Launch the subagent and let it work. Report back the results when it finishes.

Important Notes

  • Always confirm before launching. Show the summary and get user approval before spawning the subagent.
  • Don't modify the ticket. Don't change status, assignee, or add comments unless the user asks.
  • Respect existing worktrees. If ../nova-{TICKET-ID} already exists, ask before doing anything.
  • The subagent does the work. This skill's job is setup and orchestration only.
  • No commits from subagent. The subagent should write code and run tests, but leave committing to the user.

Common Mistakes

  • Launching without confirmation - Always show the summary and get user approval before spawning the subagent
  • Wrong workflow for the ticket type - Bugs almost always benefit from /systematic-debugging or /tdd. Don't use /brainstorm for a straightforward bug.
  • Not checking for existing worktrees - If ../nova-{TICKET-ID} exists, the user may already be working on it.
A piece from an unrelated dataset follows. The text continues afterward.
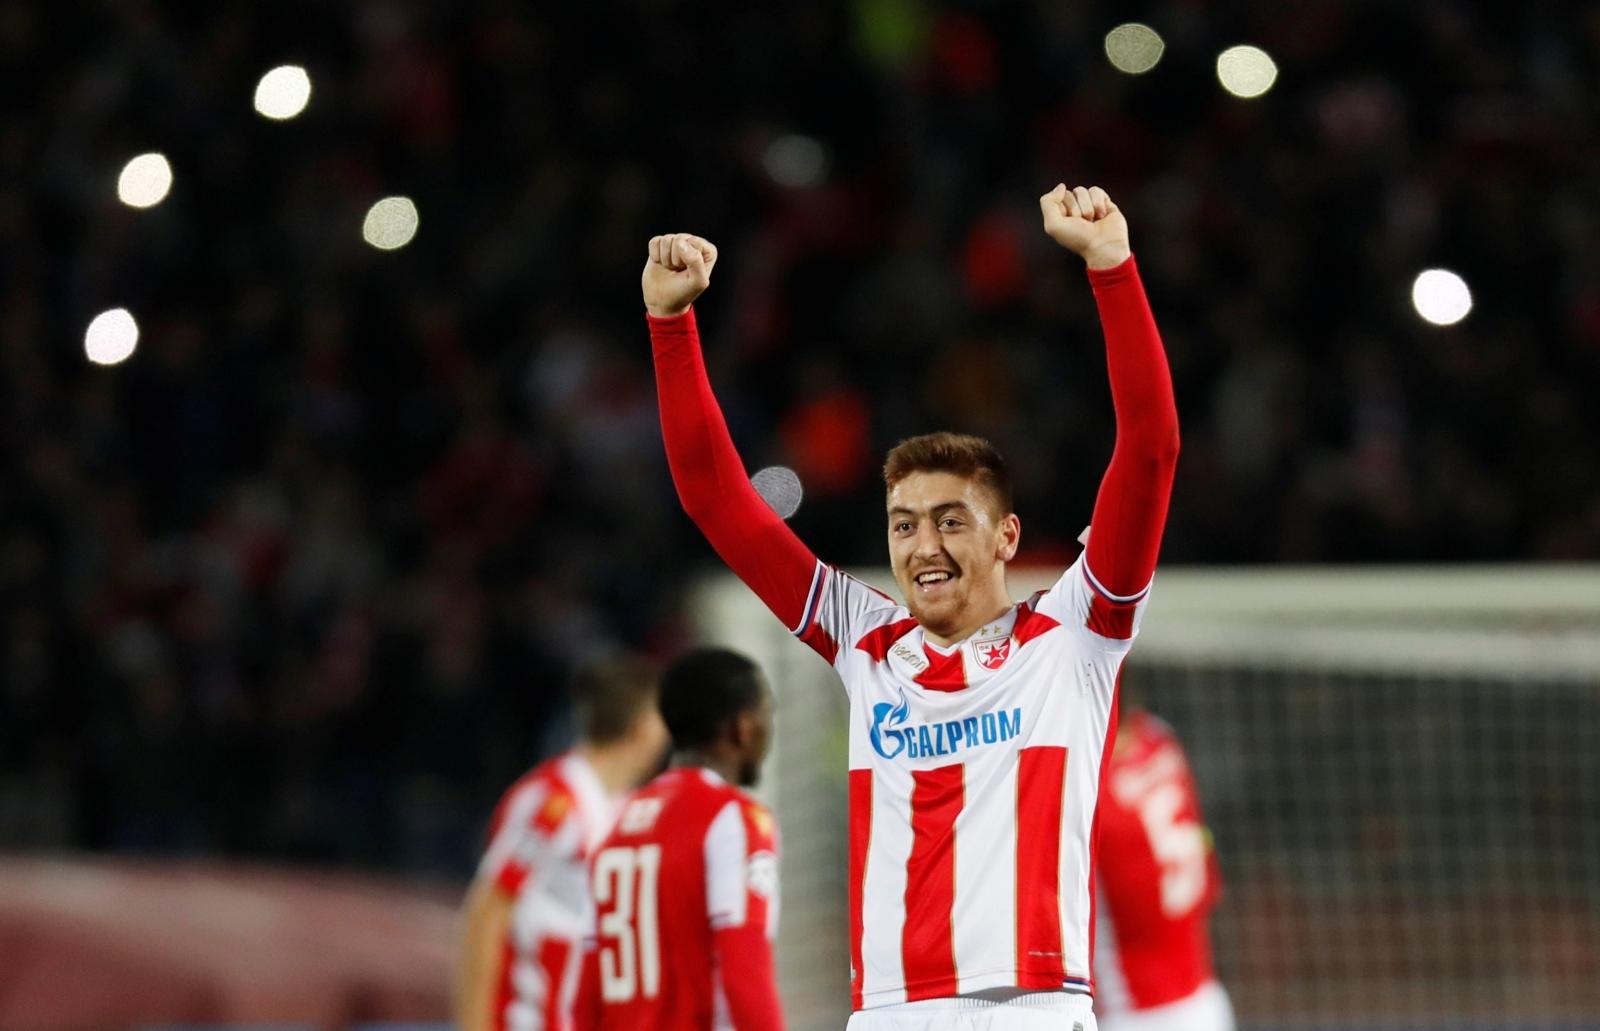 LIGA PRVAKA Remi Intera i Barce, Zvezda iznenadila Liverpool

Ask first.
  • Subagent modifying Linear - The subagent should only write code and tests, not update ticket status or add comments
  • Forgetting to pass acceptance criteria - If the ticket has acceptance criteria, they MUST be in the subagent prompt. They drive the test plan.
  • Skipping test verification - The subagent must run tests before reporting completion. Untested changes are not done.